Many people make a lot of money without using PEGGY method. They buy low and sell high, then buy low again and sell high again. But I am not good at that. So PEGGY is useful for me.

Hope this help. Feel free to ask more if need more clarification.

Saturday, May 1, 2010

What is PEGGY Ratio Method

Rather than just rely on PE ratio, or now the trend is PEG ratio, we also need to evaluate gearing and dividend yield. I try to make things easy for you all to remember, so I come out PEGGY method to evaluate a company.


PE is PE ratio. The lower the better.
G is Growth, expected long term growth rate eg 15%. The higher the better
G is gearing, the lower the better, best is net cash
Y is yield, ie dividend yield. The higher the better

All are important.
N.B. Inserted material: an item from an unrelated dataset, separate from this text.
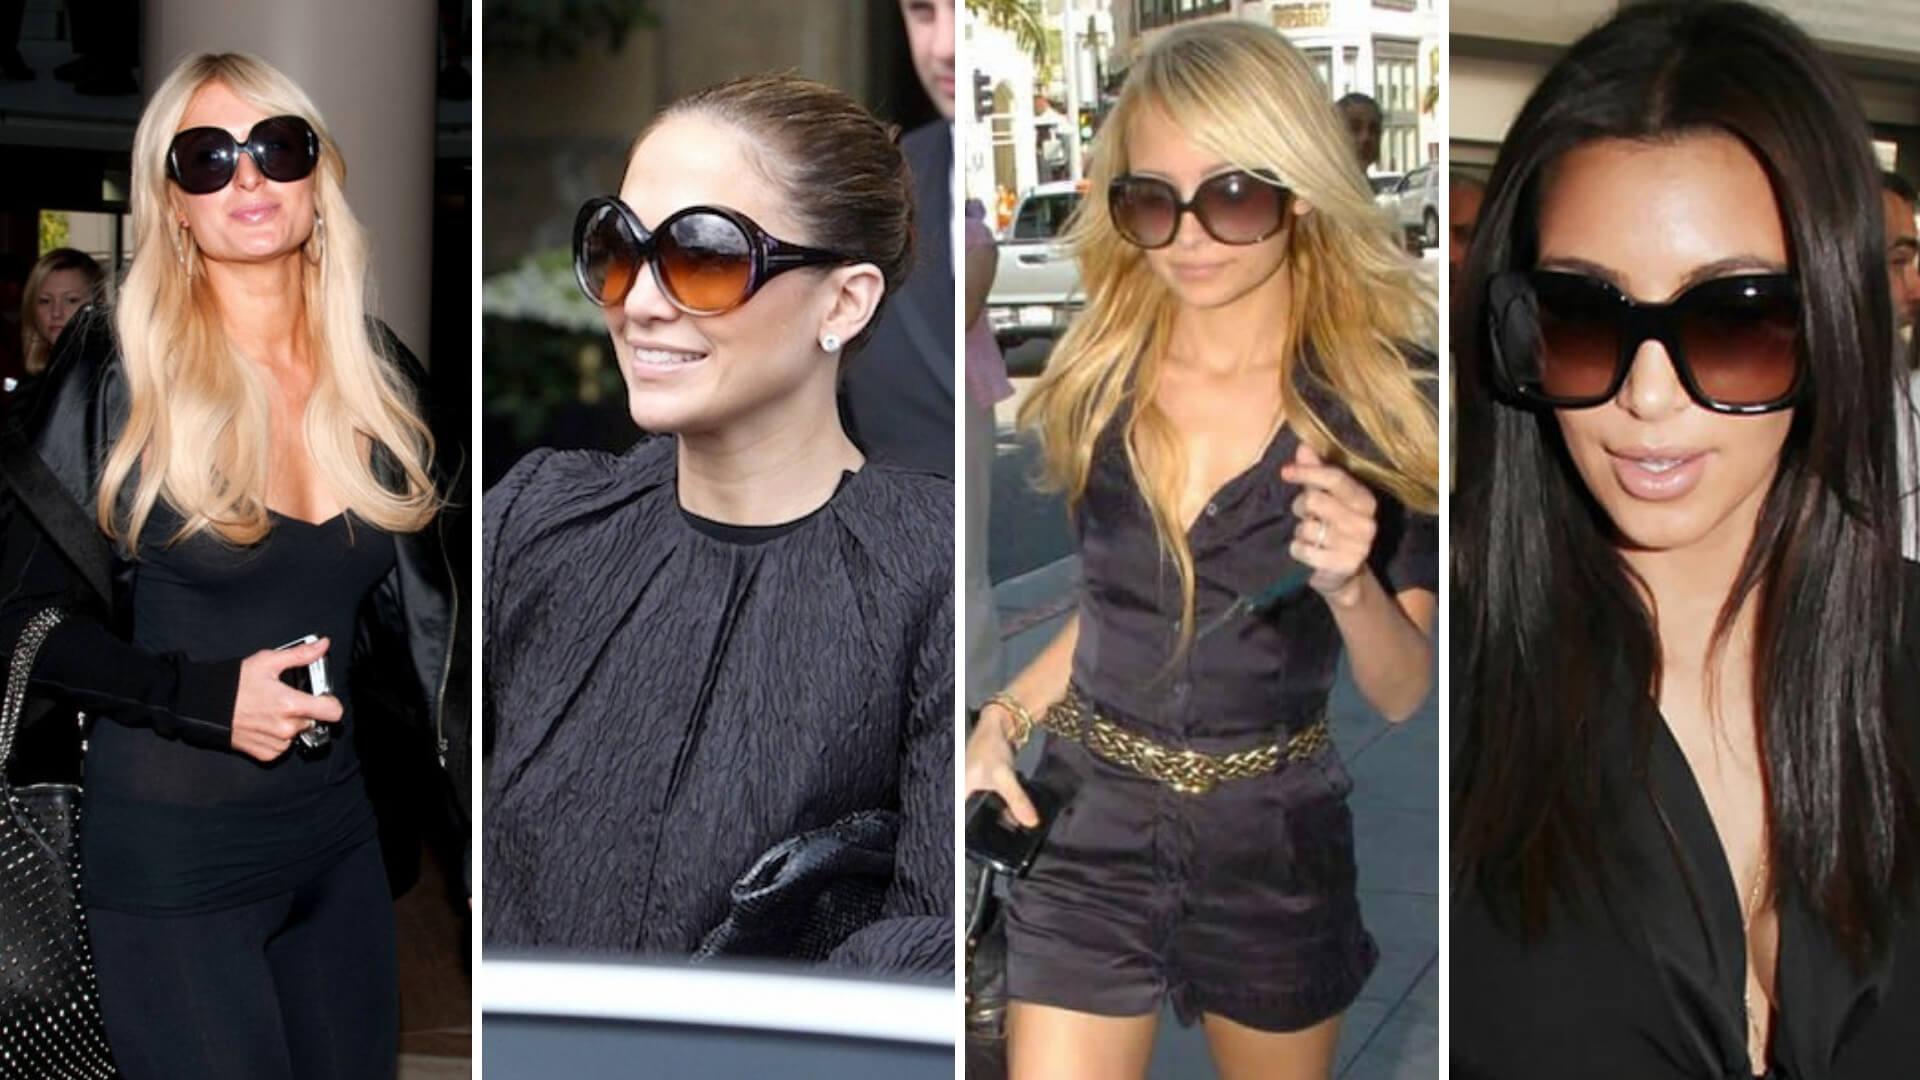 c82f49b02 Aké okuliare nosia vaše obľúbené celebrity? - DUOS BLOG

More than 10 years ago I just look at PE, which is not enough.
Now people like to use PEG, that is using PE ratio divided by growth rate. The lower the better. But also not enough. Many don't bother about gearing.
Some investor just look at Dividend Yield.

You need to consider all. So, I advise you to use my PEGGY method
Just remember PEGGY, easy right.

If your remisier ask you to buy Genting International Ltd Singapore or IOI Corp, you can start asking him, what is the PE? Then ask him what is expected growth rate? How about gearing? Is dividend yield high?